The task
The answer consists solely of the lines running from the one with "Zbliżenie na artystyczną" through the final line below, transcribed exactly and without any pictures.

Source material
◇ ◇ ◇ ◇ ◇ ◇ ◇

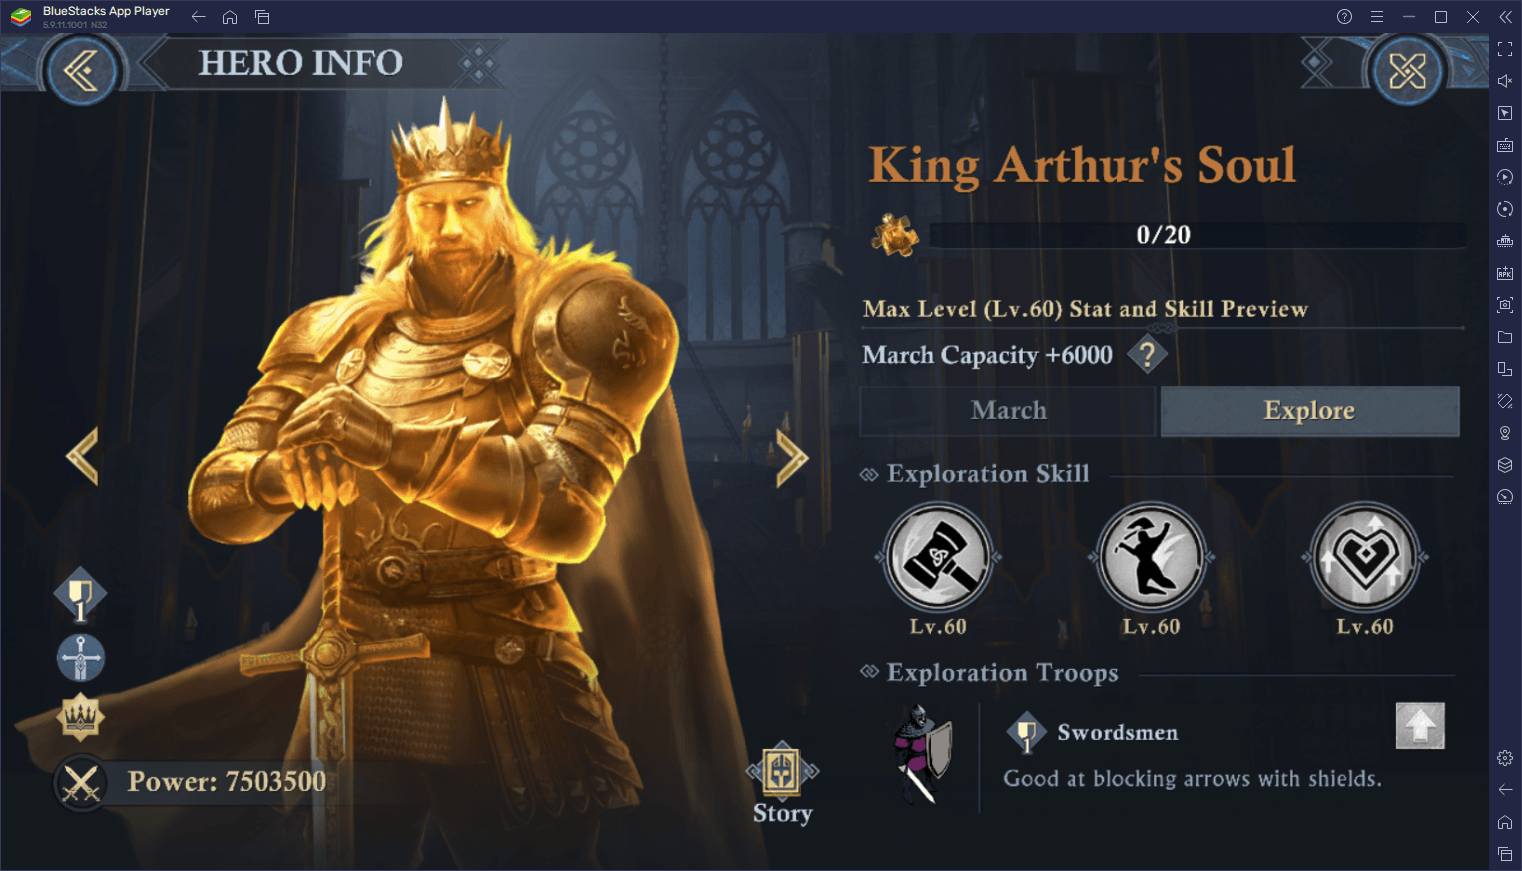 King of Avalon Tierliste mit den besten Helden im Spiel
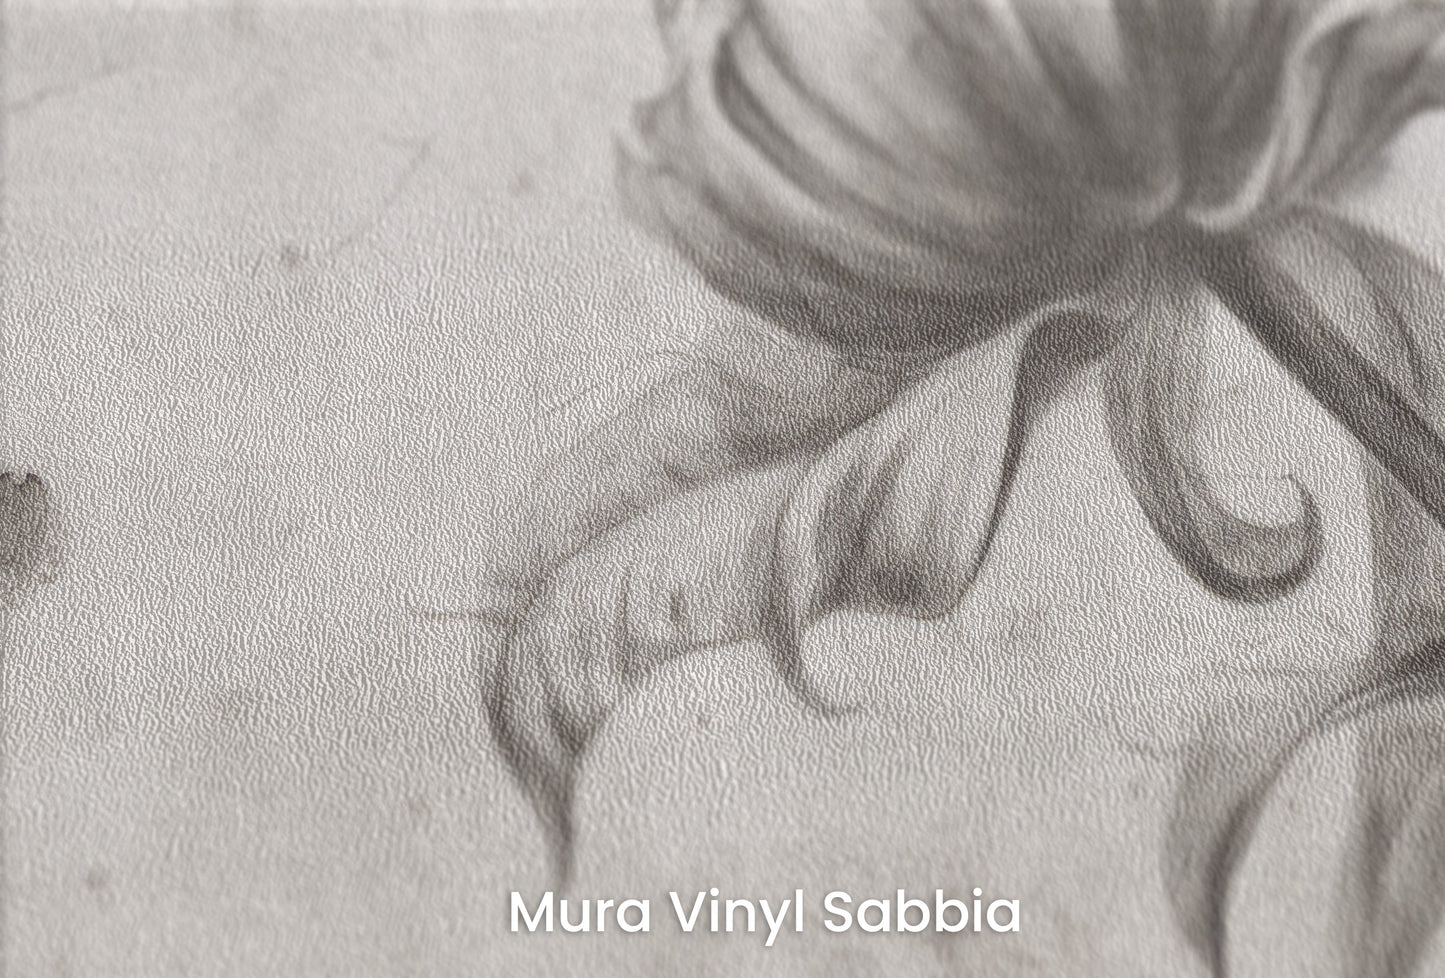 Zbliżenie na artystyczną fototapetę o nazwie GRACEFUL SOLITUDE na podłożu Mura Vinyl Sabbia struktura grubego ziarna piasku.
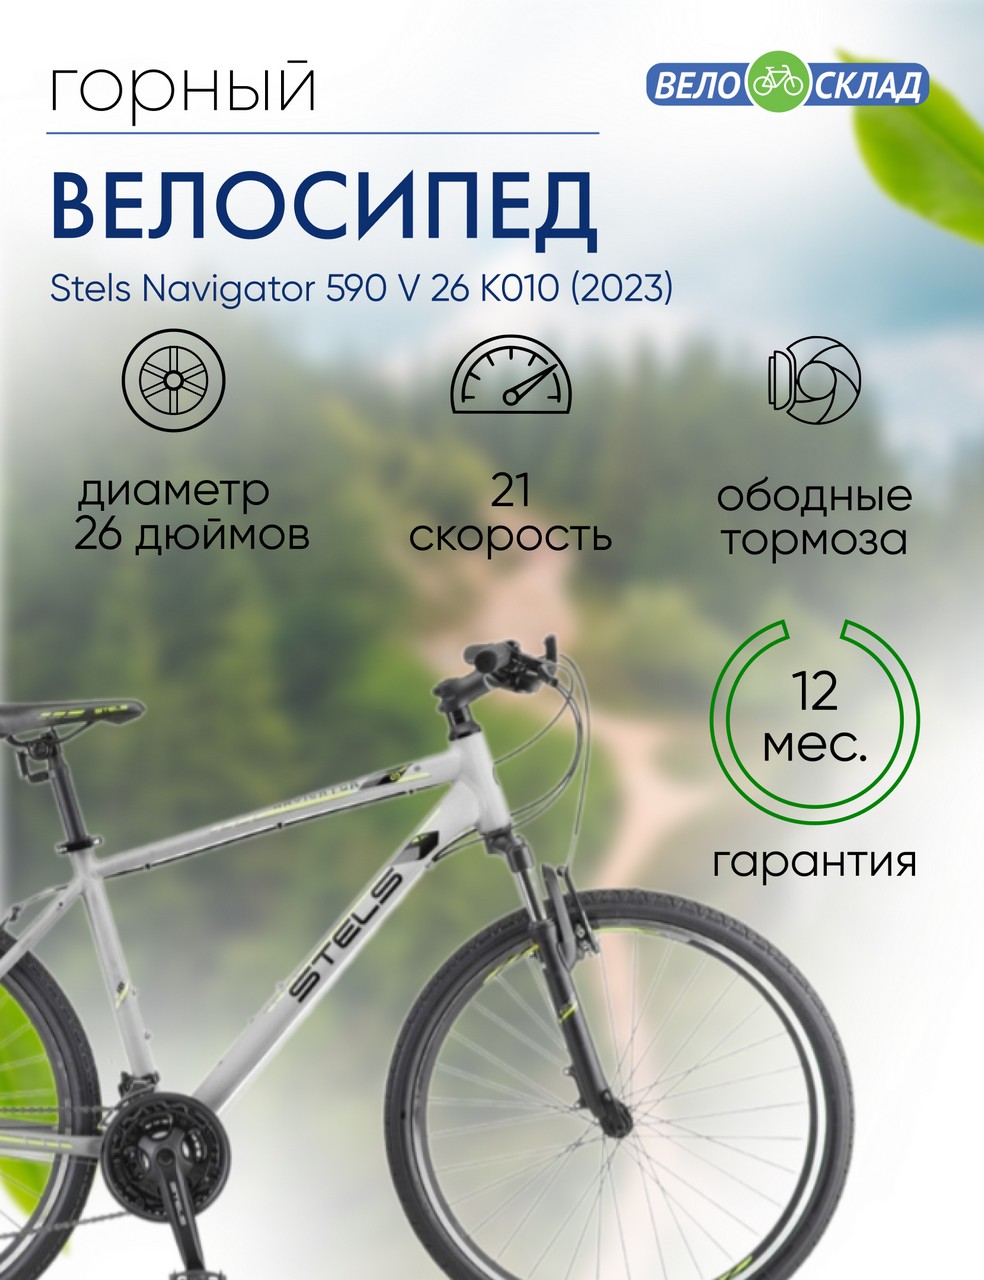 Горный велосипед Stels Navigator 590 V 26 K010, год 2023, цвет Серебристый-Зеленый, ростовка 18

◇ ◇ ◇ ◇ ◇ ◇ ◇

Written answer
 Zbliżenie na artystyczną fototapetę o nazwie GRACEFUL SOLITUDE na podłożu Mura Vinyl Sabbia struktura grubego ziarna piasku.
 Горный велосипед Stels Navigator 590 V 26 K010, год 2023, цвет Серебристый-Зеленый, ростовка 18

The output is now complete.